We hear this text not only in a time of conflict and war but in a new season at the beginning of a new church year: Advent, the time of waiting, and so much more. Again, Brueggemann: “Advent is an abrupt disruption in our ‘ordinary time’…an utterly new year, new time, new life.” While the world around us wraps up another year hoping for increased consumer spending and waiting for final reports on this year’s profits, the church has already stepped into a new time, to begin a season of hoping and waiting for something of much greater significance than profits or spending: “Advent invites us to awaken from our numbed endurance and our domesticated expectations,” Brueggemann writes, “to consider our life afresh in light of new gifts that God is about to give” (Texts for Preaching Year A). At the beginning of a new church year, we dare to hope for something much better than the news may report. We begin a new time remembering who is really in charge of everything, and setting our hearts on being part of this One’s plan. As beautiful as these verses are, they paint a very clear picture: God is the One who brings this dream to reality, but there’s work for us to do, too, in re-shaping the instruments of war, violence, and destruction into instruments of peace and provision for all.
So, there are words of comfort and promise about what God is going to do, but between the lines, there’s a call as well for us to participate in bringing the dream to reality. We suspect that Dr. King expected us not just to sit around waiting for the great day of peace and justice but to work as we wait. Isaiah too wants us to loosen the grip on our swords and the instruments of war and to take up the things of peace, to “walk in the light of the Lord.” It sounds really, really nice, but Brueggemann says there is, of course, a catch: “God wills for the world…a center of justice and righteousness that will get our minds off our petty agenda and our penchant to protect our little investments. I find that vision overwhelming – and not very welcome, because the things I value most I am reluctant to lose or risk, and even more reluctant to share” (Peace). The things of war between nations are also things that we struggle with as individuals, in our own personal lives.
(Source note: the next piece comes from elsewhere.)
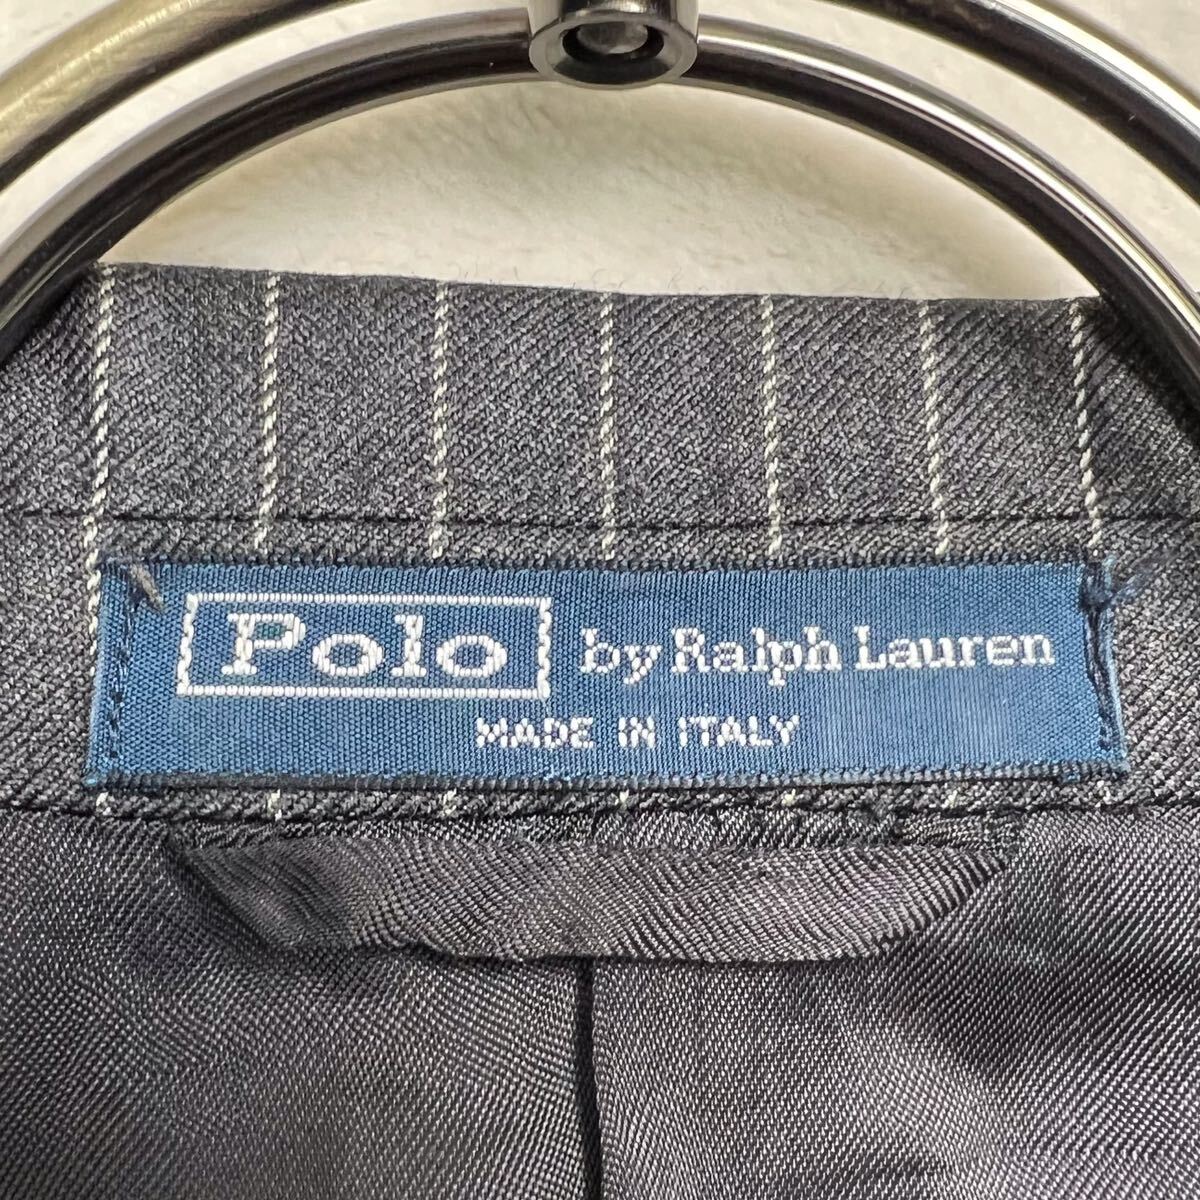 ポロ ラルフローレン（Polo Ralph Lauren) ペンストライプ ジャケット サイズ36 メンズSサイ相当 チャコールグレー 2つボタン サイドベンツ_画像3

What are the “little investments” we protect?
We might claim that the nations, alas, can’t beat their swords and spears into the things of peace just yet, much as they might want to, because there are still so many situations in which those weapons are needed. Isn’t that how we “keep” a kind of peace, at least, until a better one is possible? But Isaiah promises a day when God’s ways will fully shape how we live, not just some of us, but every single person – “all the nations…many peoples” streaming toward the bright light of peace, and enough, for all. It may not look like that right now, but Advent is about taking the long view of things. And, in the meantime, James Limburg reminds us that God invites, or better, calls us not just to imagine and dream but to make peacemaking a priority in our everyday lives (The Lectionary Commentary: The Old Testament and Acts). Many people may doubt that seeking peace through justice will prove effective in turning back the dogs of war, but, as Mary Hinkle Shore claims, “even skeptics have to admit that justice, safety, and widespread prosperity have a better chance of resulting in peace than injustice, danger, and disparity of wealth” (New Proclamation Year A 2007-2008). In his November 1, 2010 column in the New York Times, “Fast Track to Inequality,” Bob Herbert wrote movingly – and disturbingly – of the dramatically growing disparity of wealth in the United States in the past few years, even during this economic recovery of sorts. Three years later, the middle class continues to erode and disproportionate wealth continues to move upward to a small segment at the top of the economic ladder. We can’t bear to imagine what happens to those at the bottom. (See Reinventing the Dwindling Middle Class) Perhaps these post-modern texts could be read alongside the ancient one, in order to hear the challenge of the prophet and the call of God to respond.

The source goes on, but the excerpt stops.